The demon who owned Dean's contract took delight in finding new ways to destroy what little of him remained. She relished his fear as if she knew how fiercely his living self had hidden it. She reveled in his despair, repeatedly trying to deepen it in a test of how far it could go before the subject finally lost the ability to care.
With enough time, Dean was utterly convinced, she would make him into the same sort of ruthless evil as herself.

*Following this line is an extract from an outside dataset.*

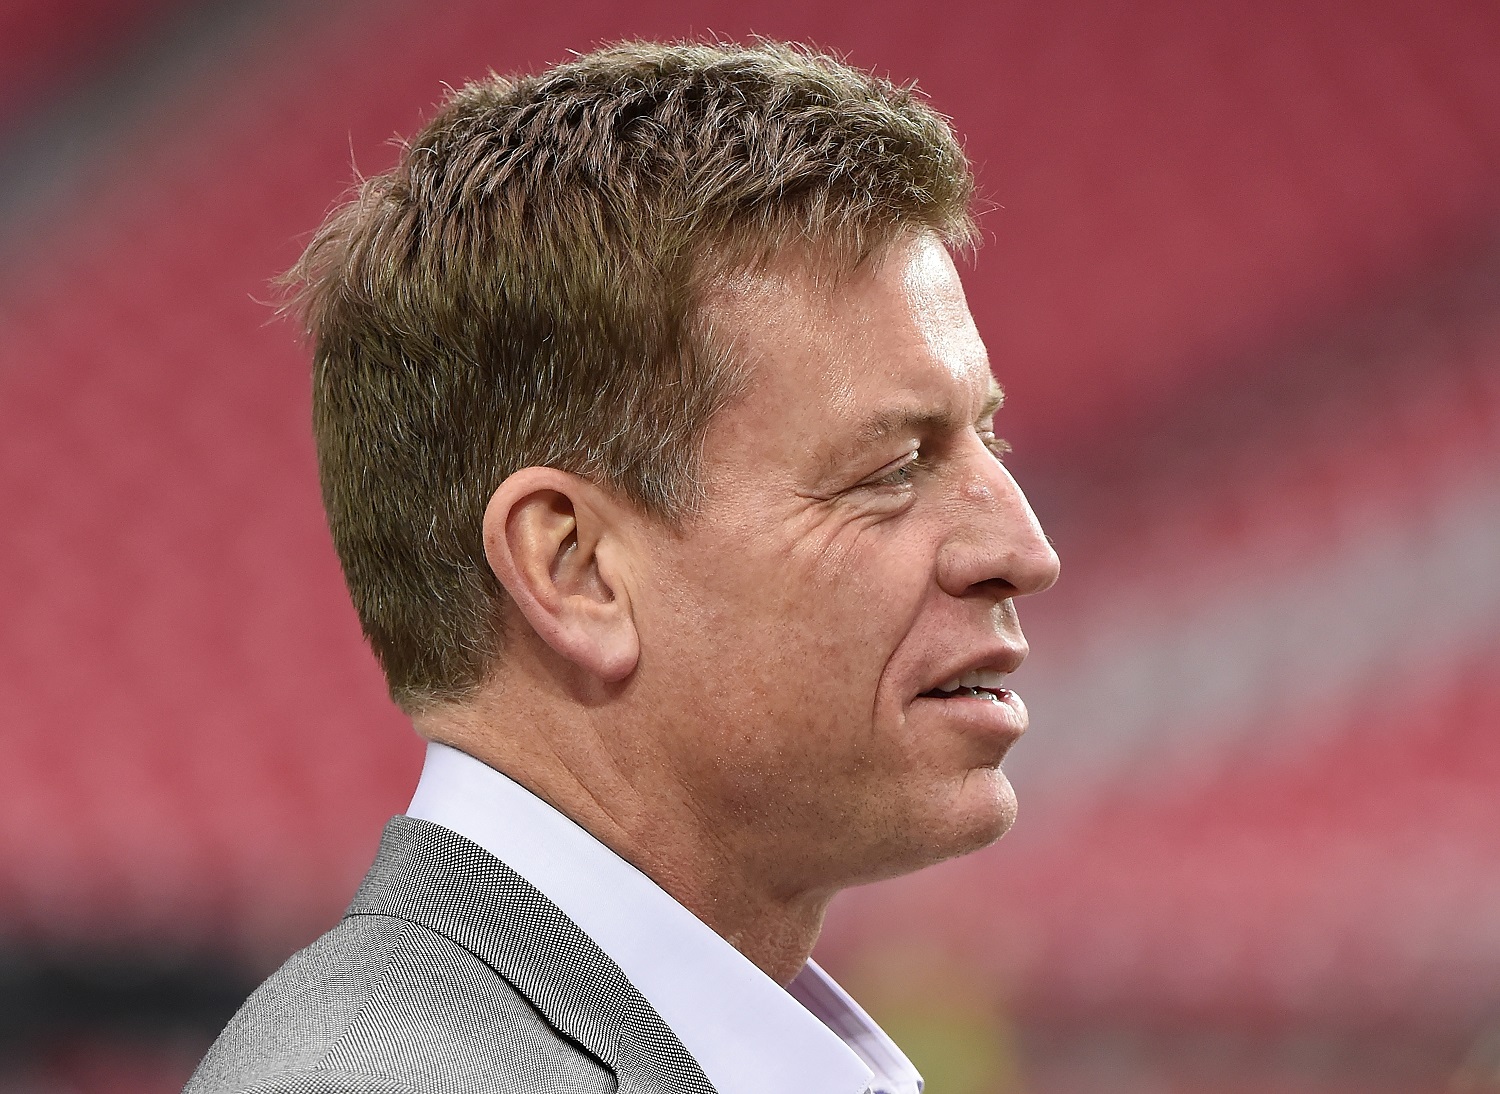 Troy Aikman was diagnosed with cancer while still playing with the cowboys, but kept it relatively quiet for nearly two decades.

After the beginning (days, weeks, longer—for there was no sense of time anymore, only what was and what used to be), there were moments when Dean almost welcomed the pain that tore at his flesh, invading his mind while tormenting his body.
Only the most extreme physical suffering could ever drive him to stop thinking and worrying about Sam…
Ellen recognized the flatness in Sam's voice, the way his words were barely loud enough to carry over the phone. She'd been there herself, those first months after Bill was gone.
"Just wondered where you were traveling these days, Sam. Anything new?" Not, How are you? or any of the other things she wanted to say. She remembered how demanding those questions had seemed back then, how impossible it was just to lie.
"Baton Rouge—woman in white. Tallahassee last week, for vampires."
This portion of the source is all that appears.